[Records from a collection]
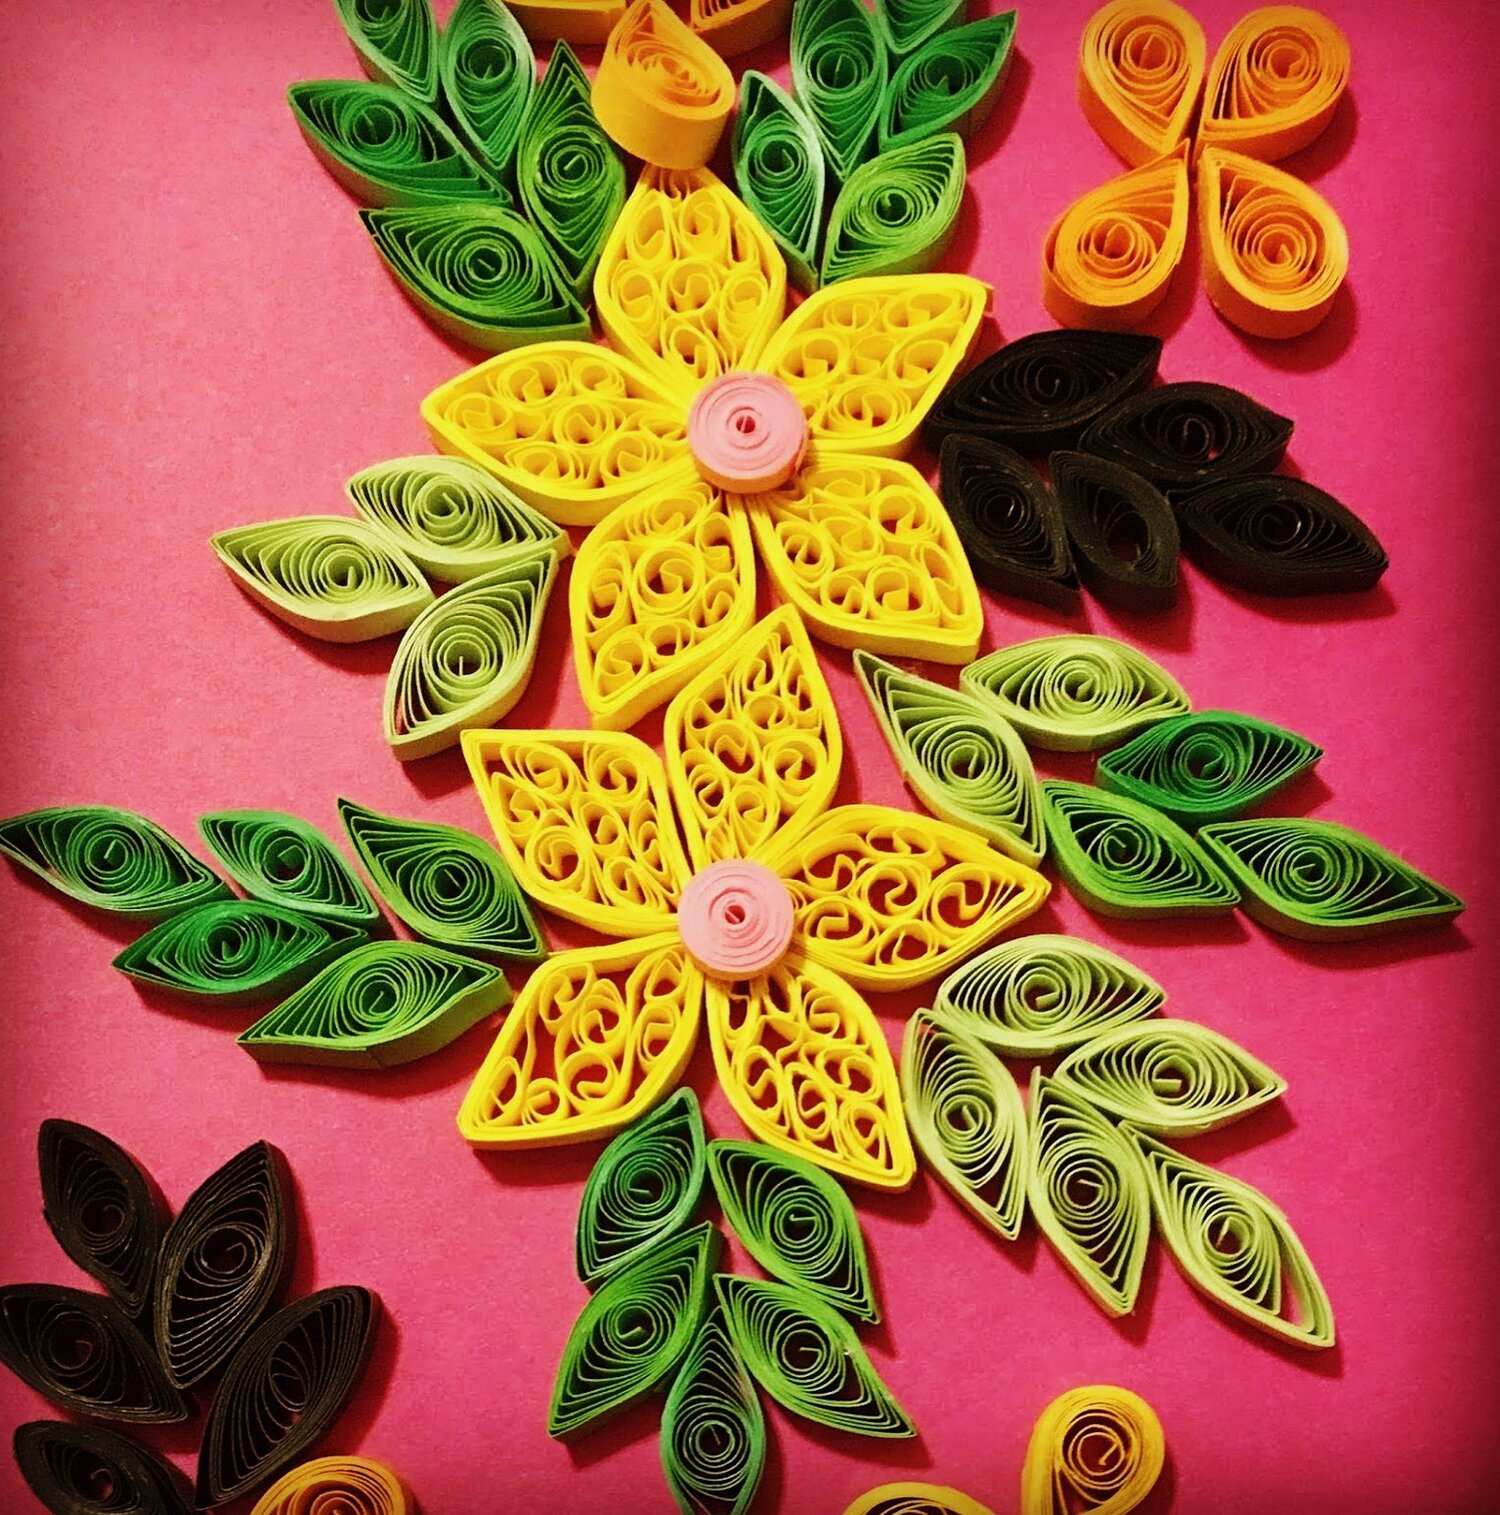 One of my favorite paper quilling projects I made last year. : r/crafts
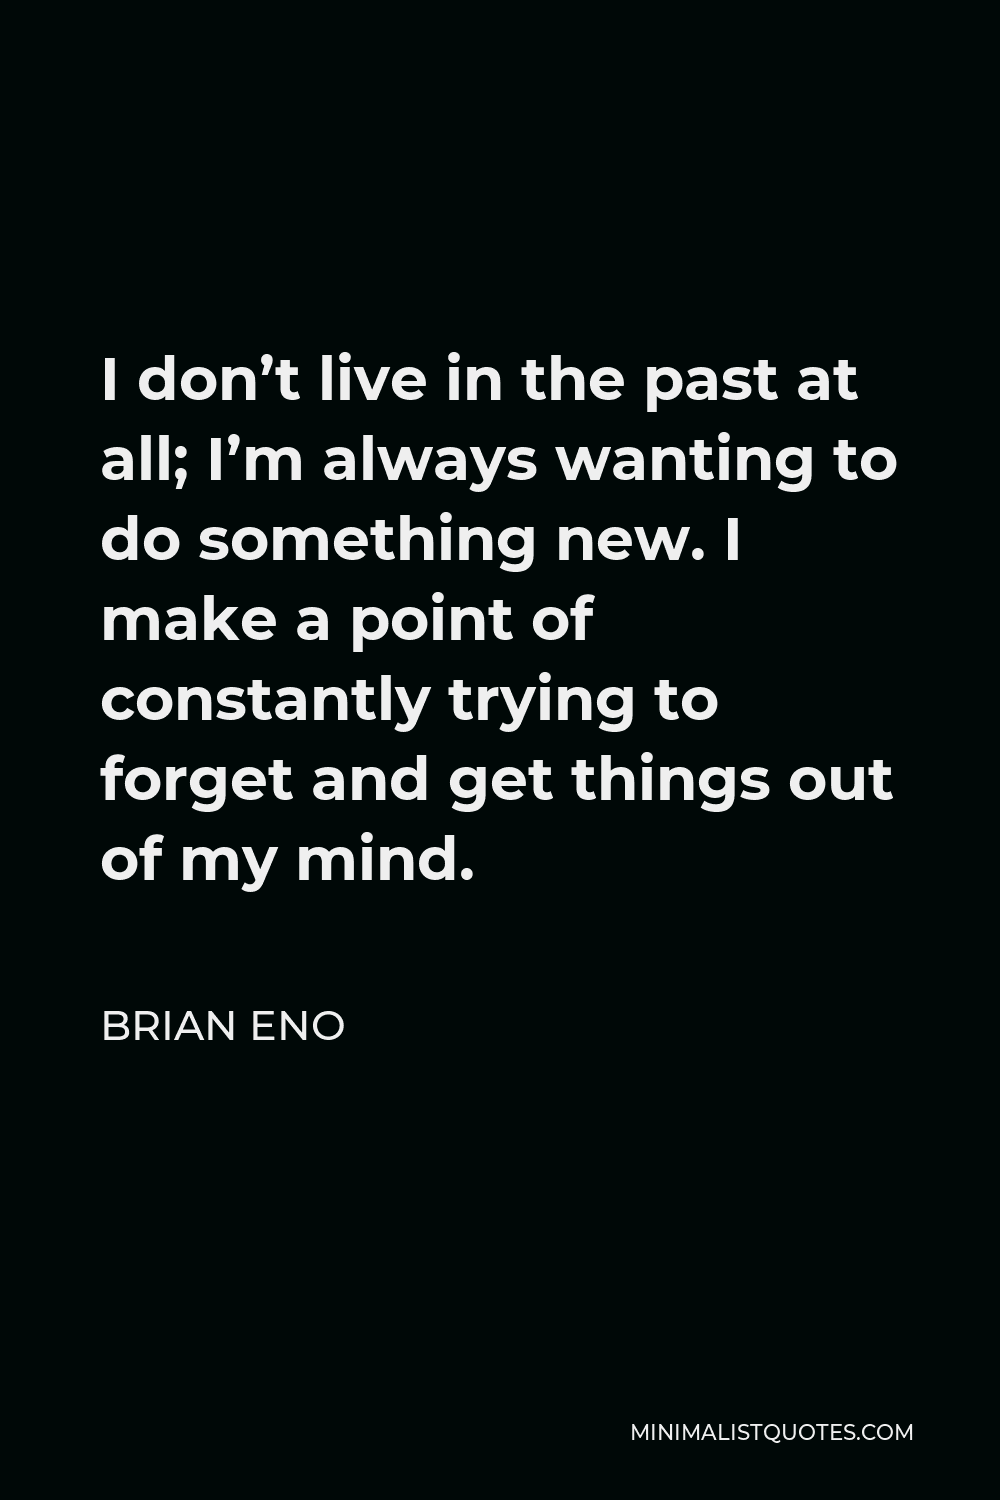 Brian Eno Quote - I don’t live in the past at all; I’m always wanting to do something new. I make a point of constantly trying to forget and get things out of my mind.
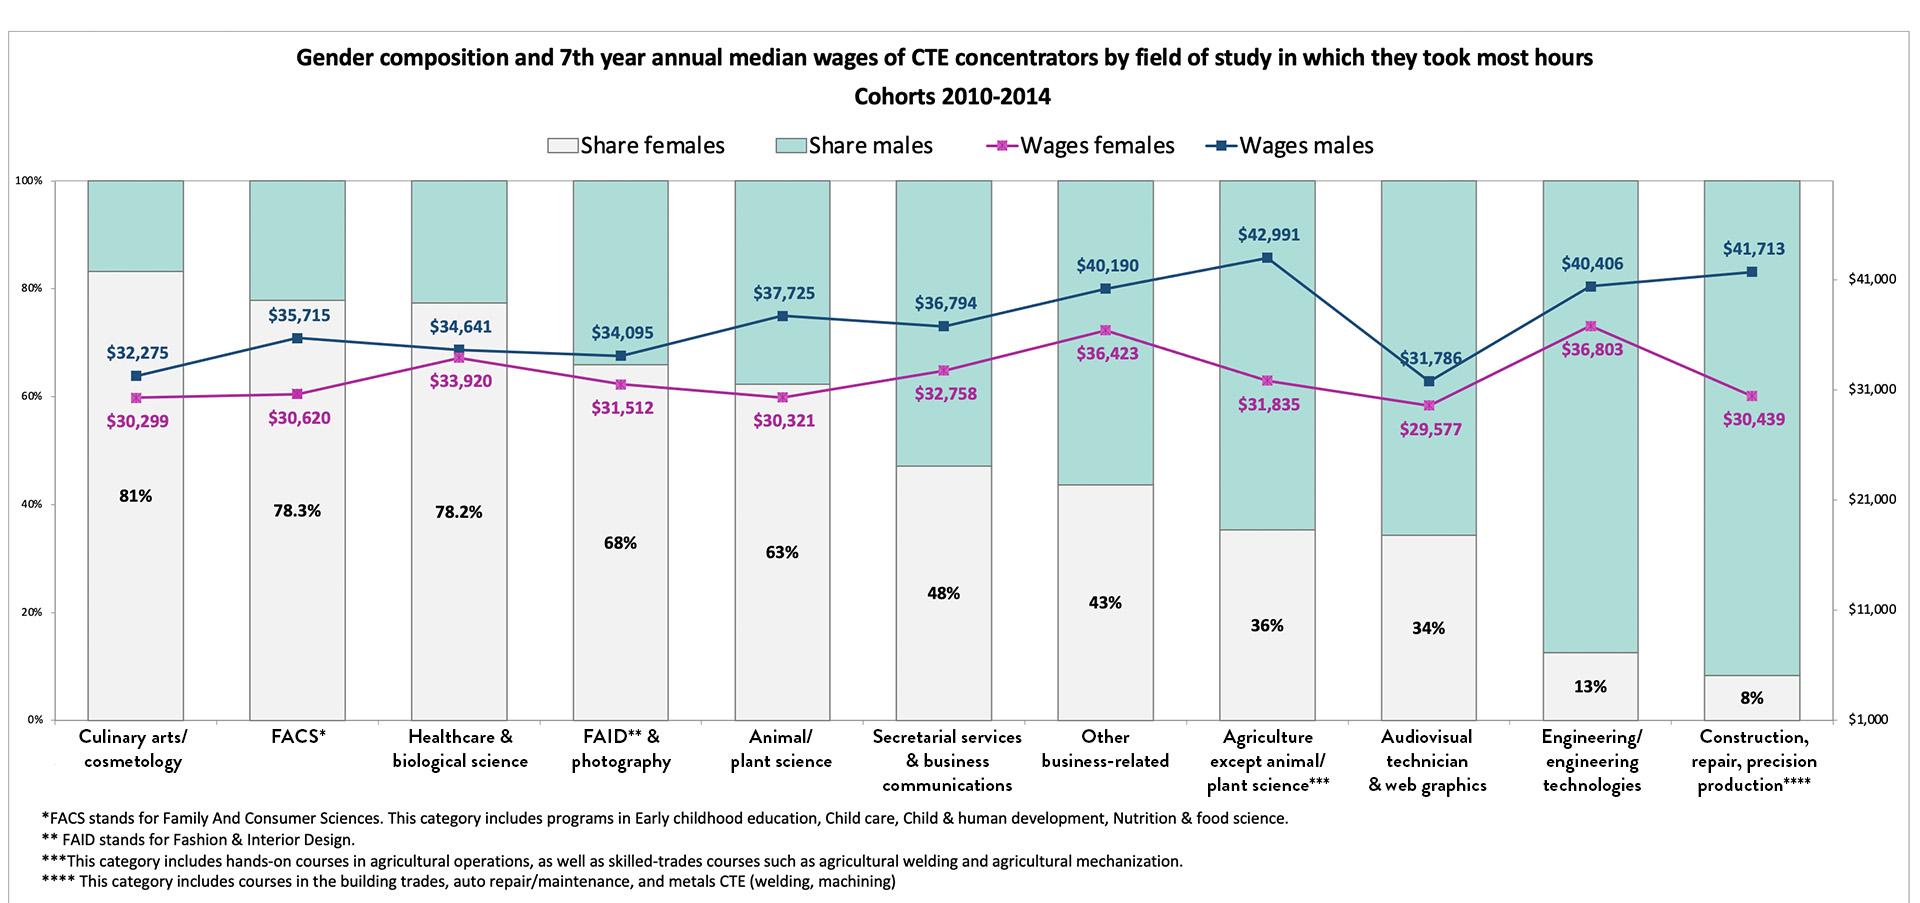 Gender Compilation and 7th Year Annual Median Wages
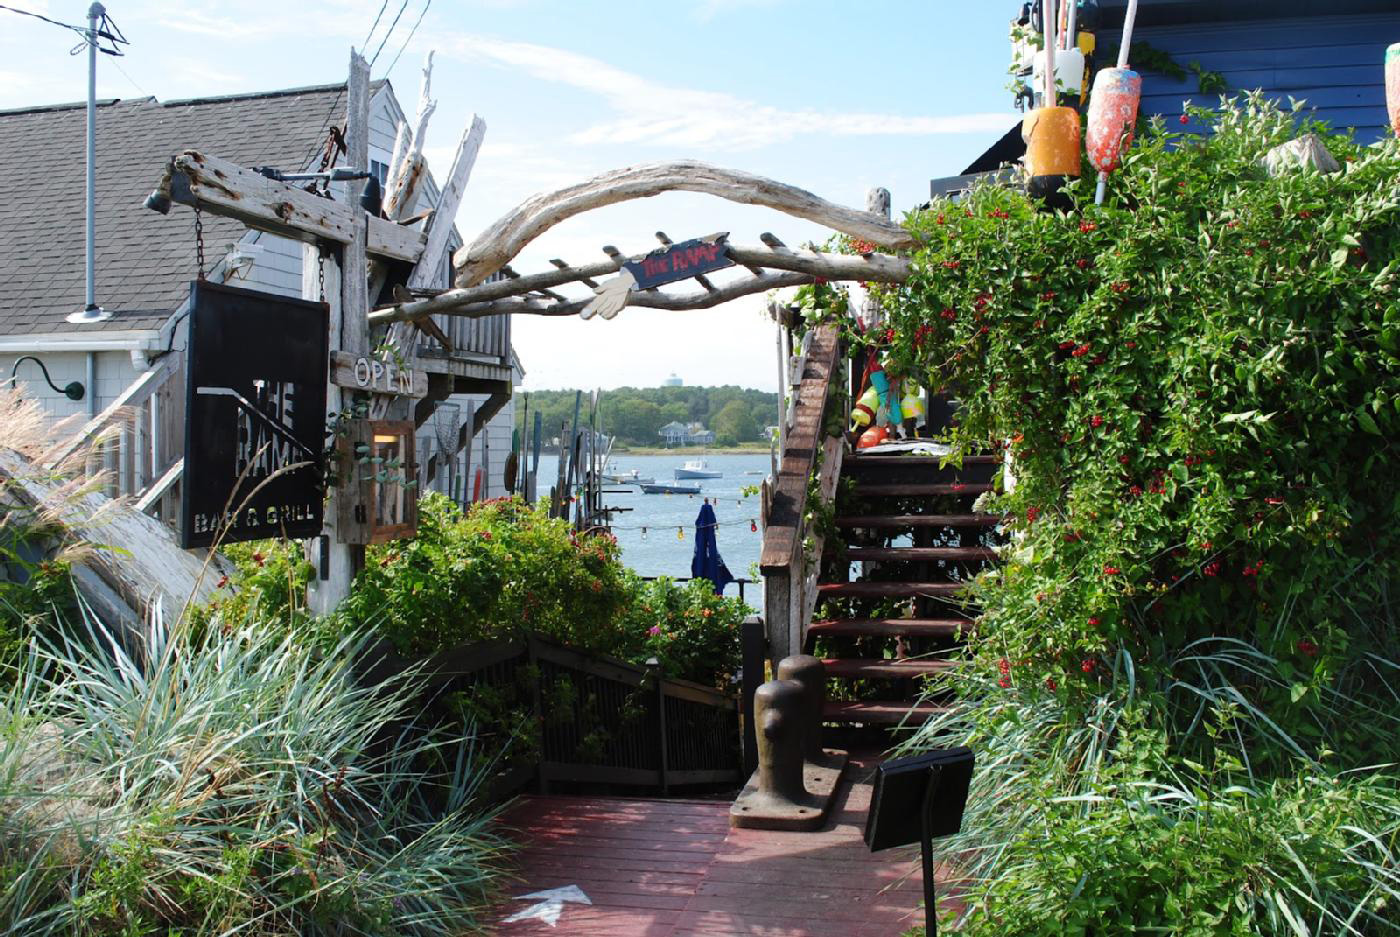                             Pier 77 Restaurant / The Ramp Bar &amp; Grill offers sweeping views of Cape Porpoise Harbor, both from its upstairs dining room and the waterfront patio below
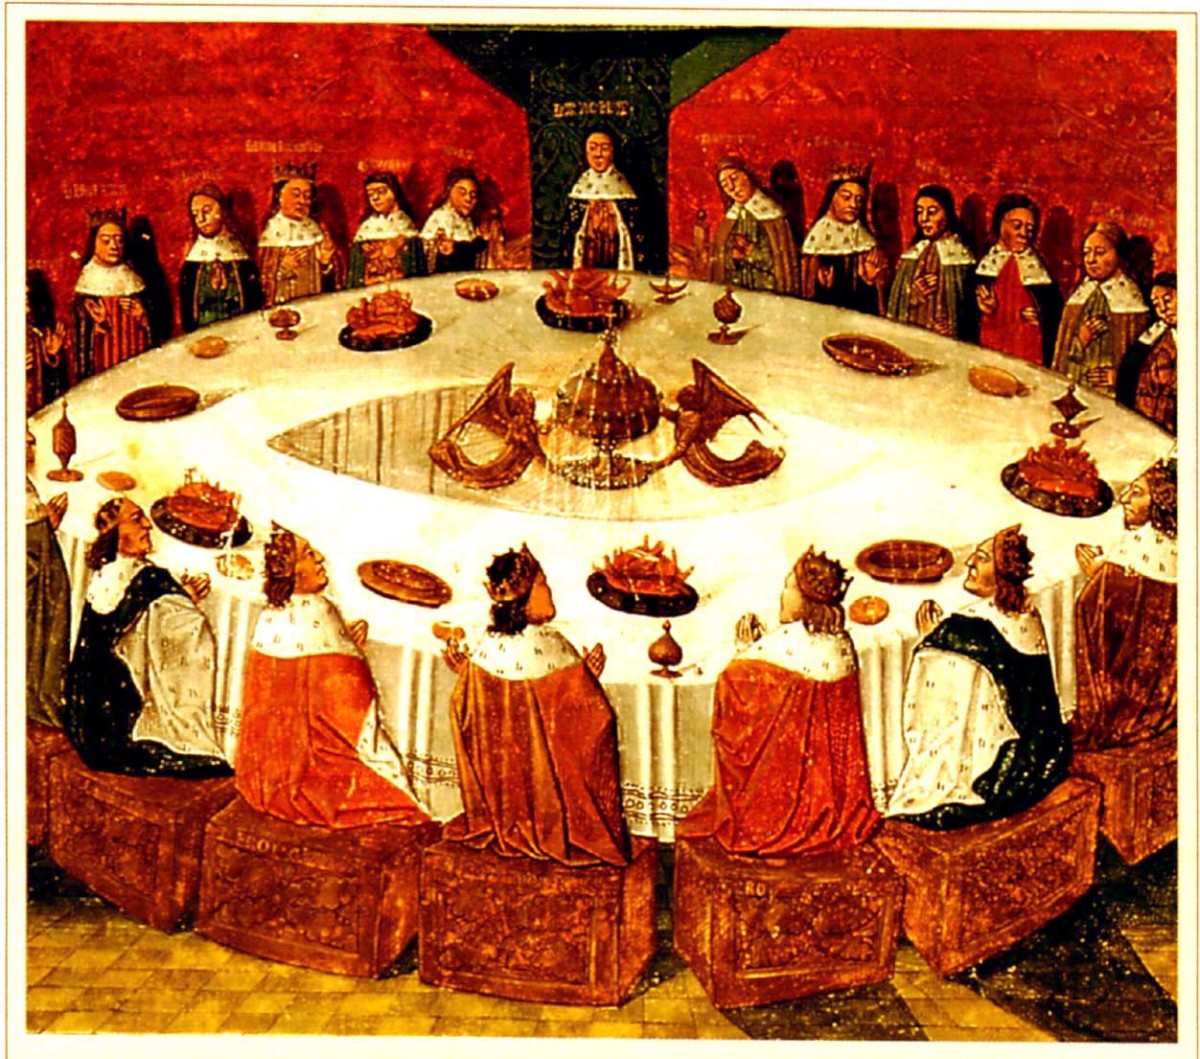 King Arthur and his Knights at Round Table

## WHAT THIS TASK INVOLVES
Set down word for word the lines from the opening of the entries above through the line that contains "Gender Compilation and", and omit every picture.

## WRITTEN REPLY
 One of my favorite paper quilling projects I made last year. : r/crafts
 Brian Eno Quote - I don’t live in the past at all; I’m always wanting to do something new. I make a point of constantly trying to forget and get things out of my mind.
 Gender Compilation and 7th Year Annual Median Wages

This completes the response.